• [ABOUT THIS TASK]:
An exact reproduction of the listing is wanted, with the pictures dropped.
(Beginning of AVAILABLE DATA)
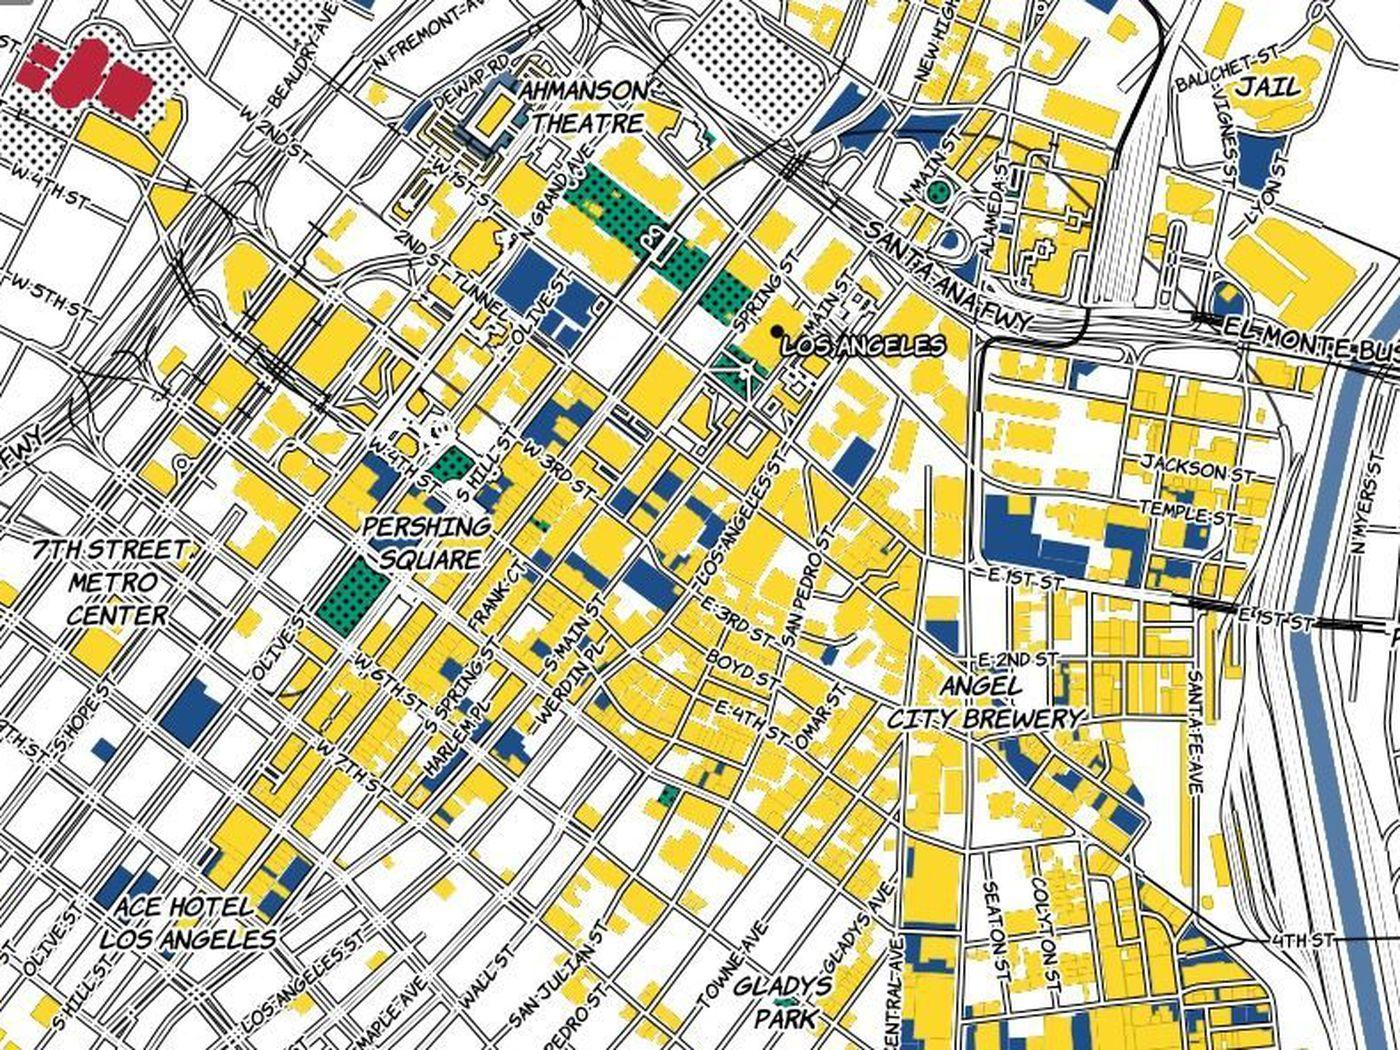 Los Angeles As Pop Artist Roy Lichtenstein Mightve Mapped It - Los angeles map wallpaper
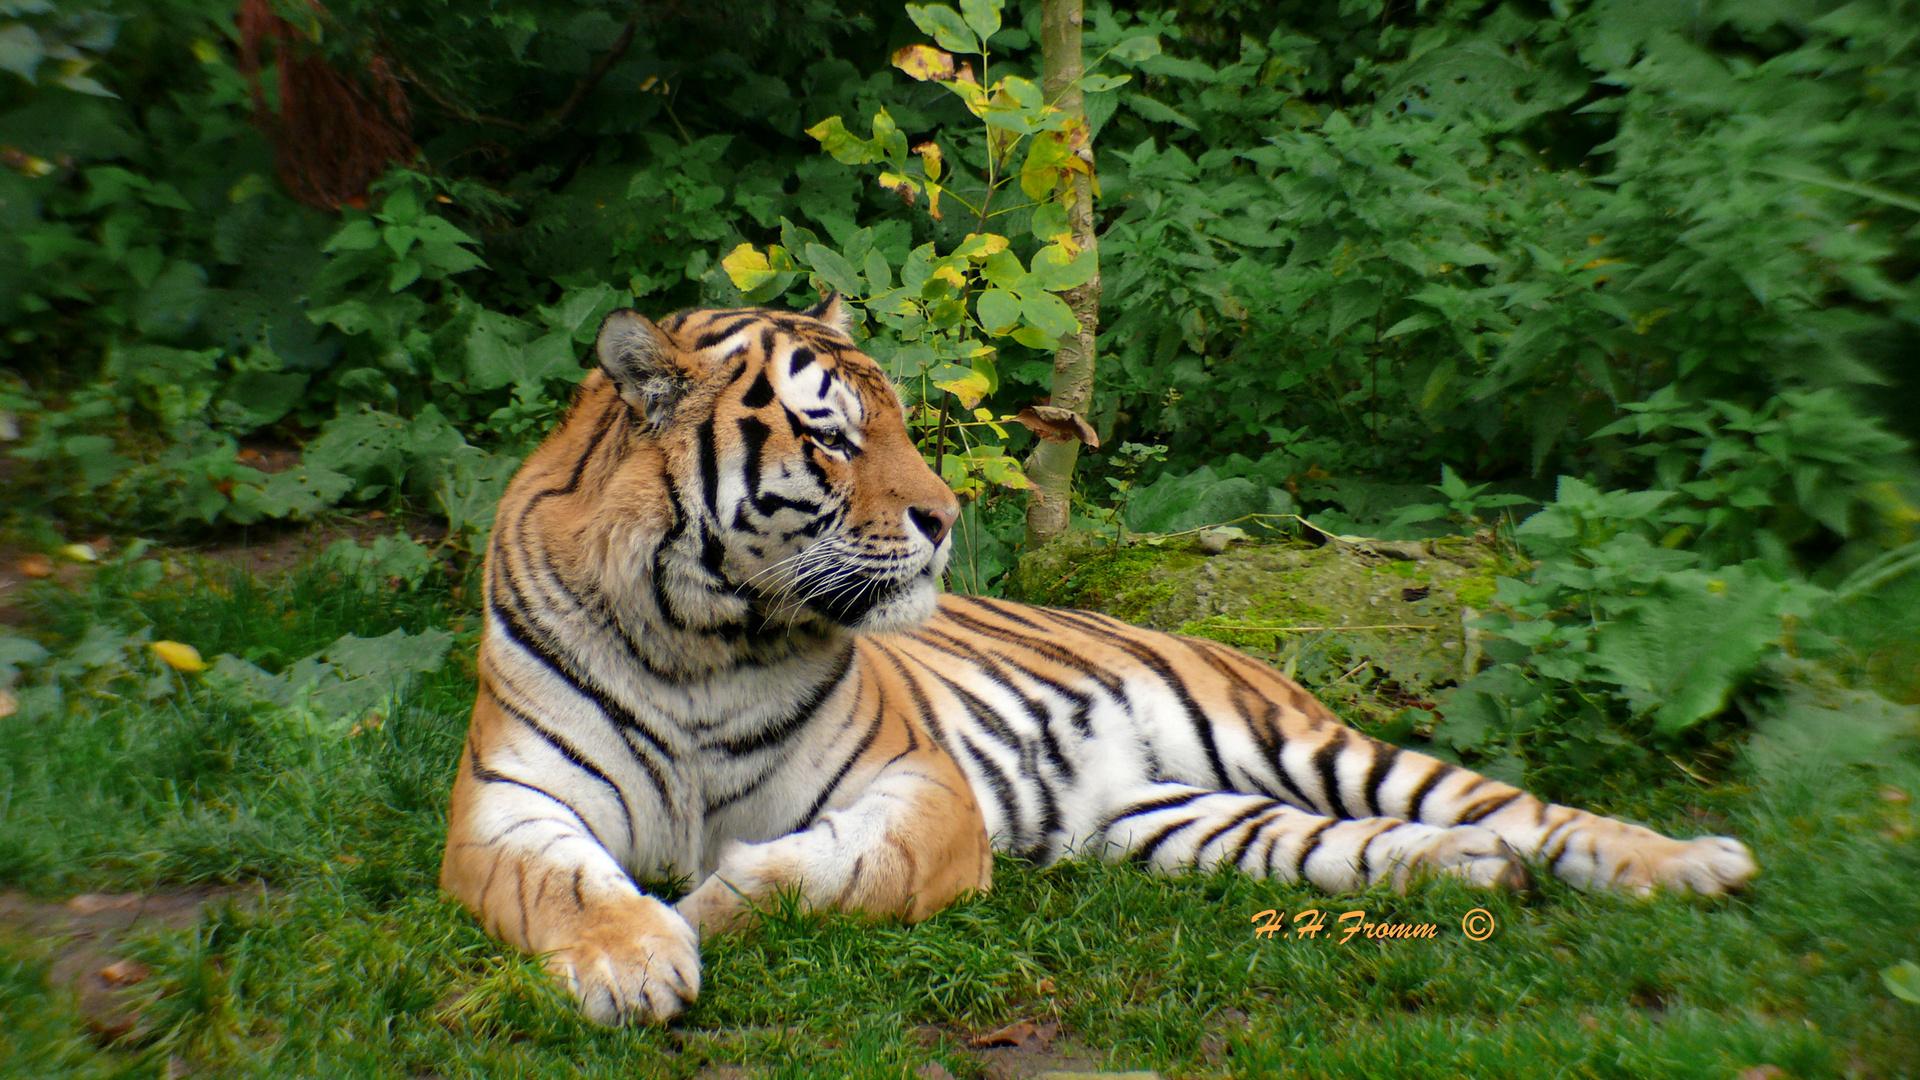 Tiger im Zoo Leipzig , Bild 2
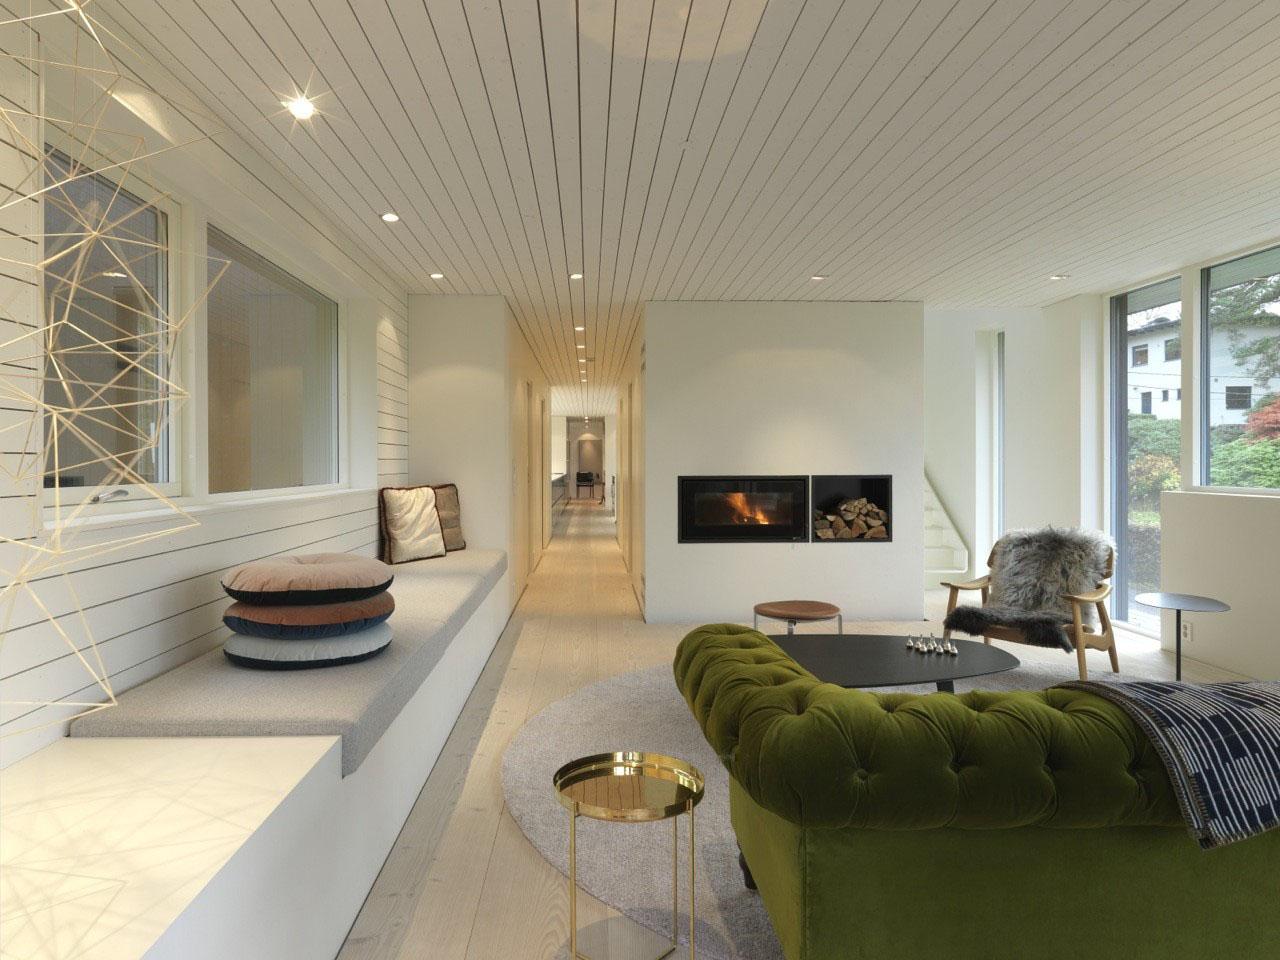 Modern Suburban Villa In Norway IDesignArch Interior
(End of AVAILABLE DATA)
• [RESPONSE]:
 Los Angeles As Pop Artist Roy Lichtenstein Mightve Mapped It - Los angeles map wallpaper
 Tiger im Zoo Leipzig , Bild 2
 Modern Suburban Villa In Norway IDesignArch Interior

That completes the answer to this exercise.